The ghost they couldn’t lay.
“Gunpowder Digby” of Tilton.
Weird Pranks.
Tilton, to-day.
Tilton is still holding my affection and my presence (writes our Special Commissioner), for it possesses a ghost, which, or rather who, takes the palm among those I have so far unearthed for personality and self-assertiveness. That is only to be expected when we consider who he is. He is no less a person than the shade of Everard Digby, Esquire, of Gunpowder Plot fame.
Everard, be it known, haunts the old Manor House. He is a very good Catholic ghost, and he flatly refuses to allow himself to be “laid” by the incantations of Protestant Pastors, which, after all, is only natural.

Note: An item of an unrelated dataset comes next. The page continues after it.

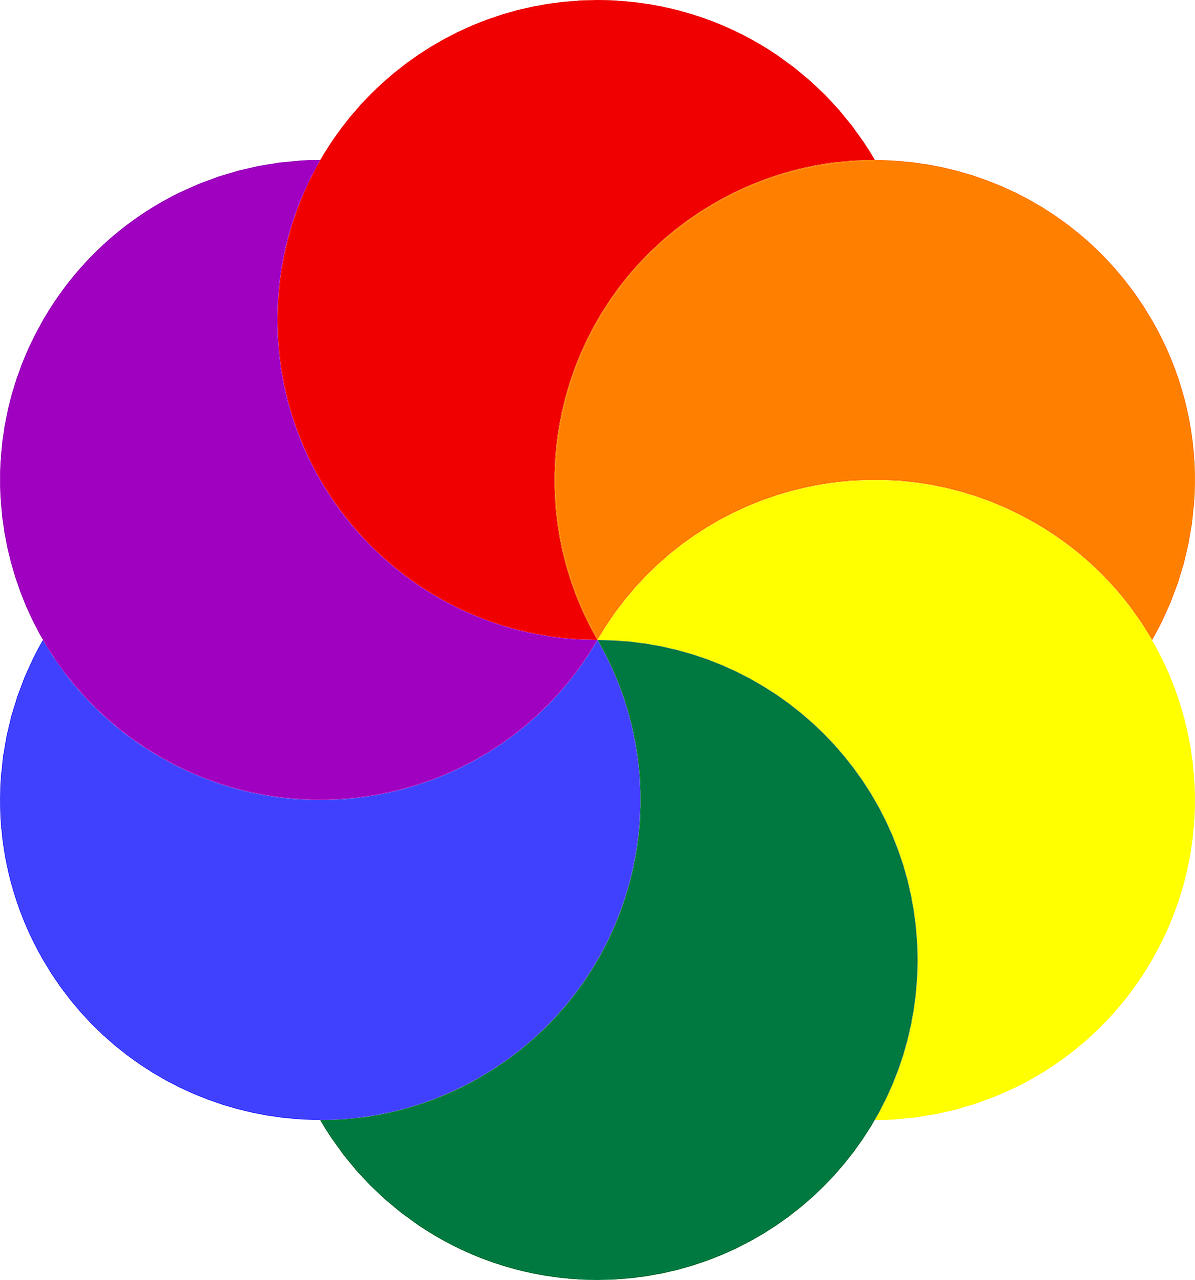 colors rainbow colors circle free photo

He has, in fact, defied repeated efforts to lay him in the course of the past century or so, and it is said by villagers that he still makes his presnce felt and heard.

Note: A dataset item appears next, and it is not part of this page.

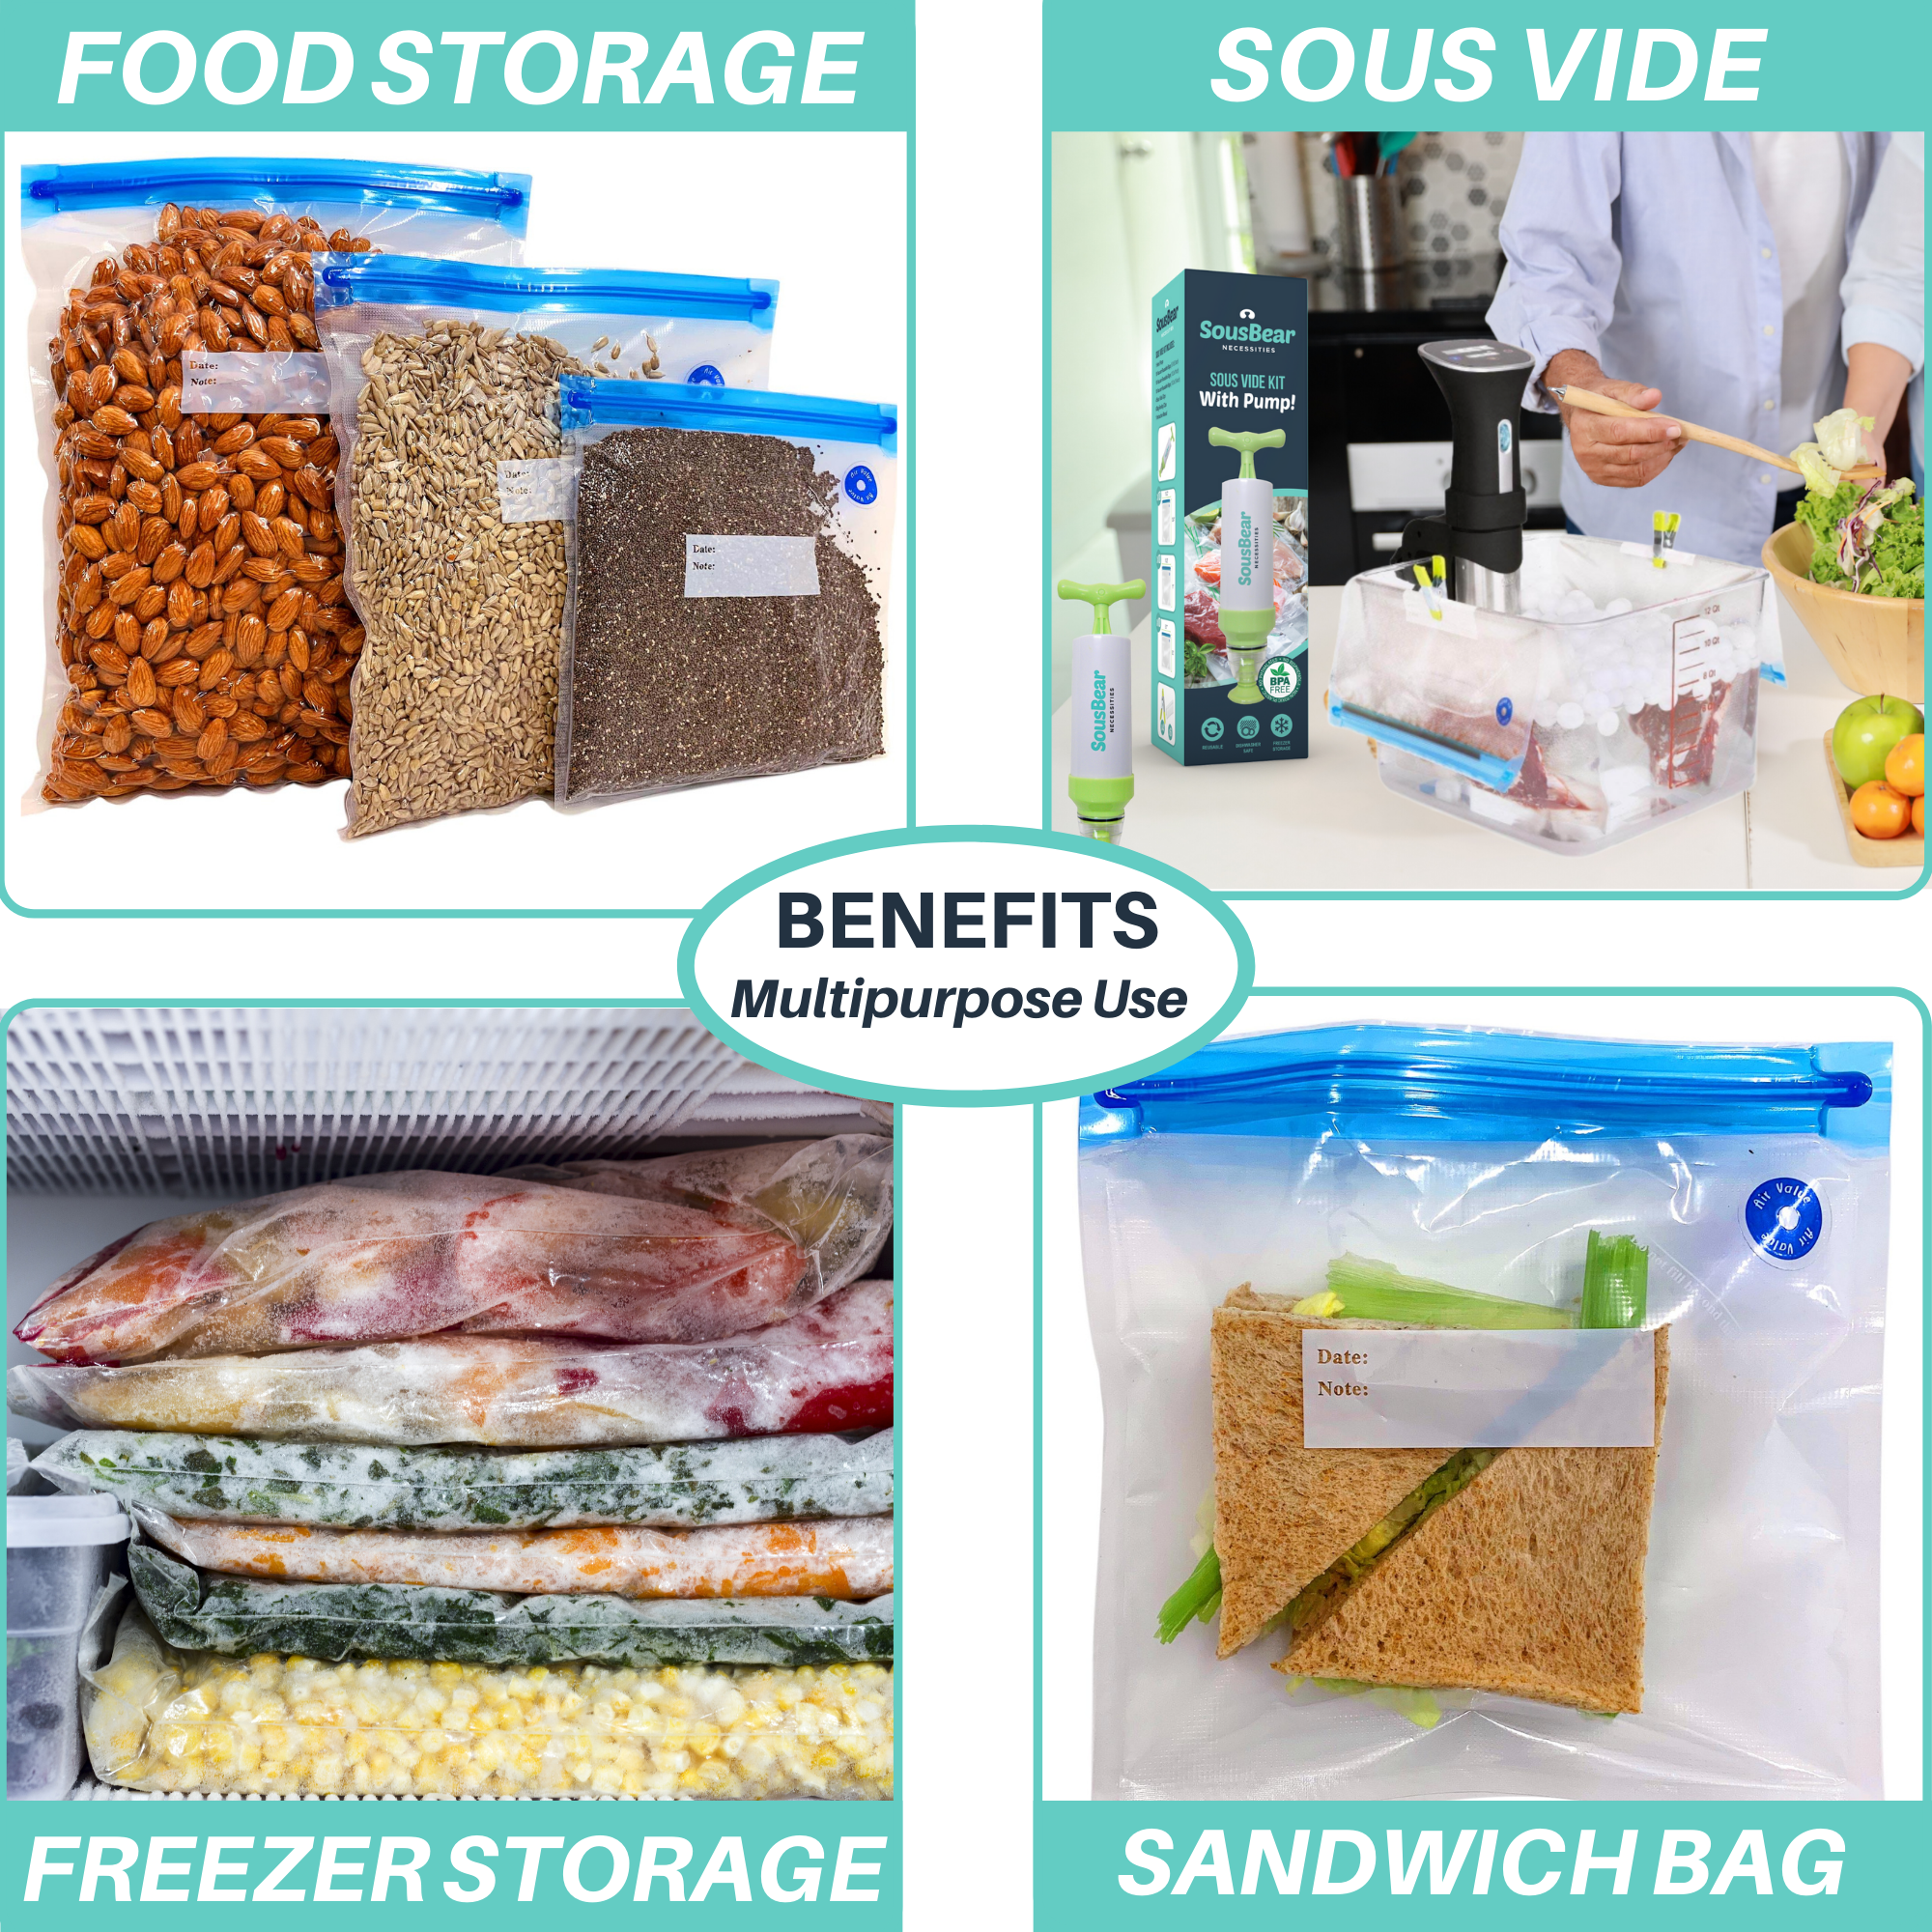 Best Reusable Food Storage Bag - Sous Vide Guy

The late lamented Everard Digby, Esquire, gives you full warning of his arrival, but some of his tricks are, to say the least, undignified for one of such daring repute, such noble blood. For the concomitance of his presence are these: – 1. He lifts door latches; 2. He tramps unseen, but heavily along the corridors; 3. He tries his hand at spirit rapping; 4. He moves crockery nocturnally; 5. He wastefully ignites fires laid overnight, which are found in ashes by the disgusted servants next morning. Only the last of these pranks really fits in with the character of a gunpowder plotter and in addition, it carries a hint of that sulphur and brimstone associated with disembodied gentlemen of this character.
About a century ago, the Rev. Chas. Wildbore, vicar of Tilton, whose mural tablet may be seen in the Church, had the bells rung and gathered together “a number of godly men,” who tried to lay the spirit of old Digby with hymns and prayers. Bearing in mind the tone of hymns at that period, I do not wonder that Everard refused to be laid; threats of that everlasting bonfire are enough to discourage even the most hardy of ghosts!
Mr Ernest E Ellis, the Tilton antiquary, tells me that in one of the bedrooms there is a trap-door, which leads mysteriously down to a cupboard in the drawing room, and which may have communicated with some secret passage now lost, leading to a dove-cote in the grounds, which tradition associates with the nefarious meetings of the gunpowder plotters. In the Church there is a colossal effigy of a mediaeval Digby, ancestor of the present apparition, who lived in a hall long since demolished, for the Manor House was built in early Stuart days.
Leicester Evening Mail, 13th October 1928.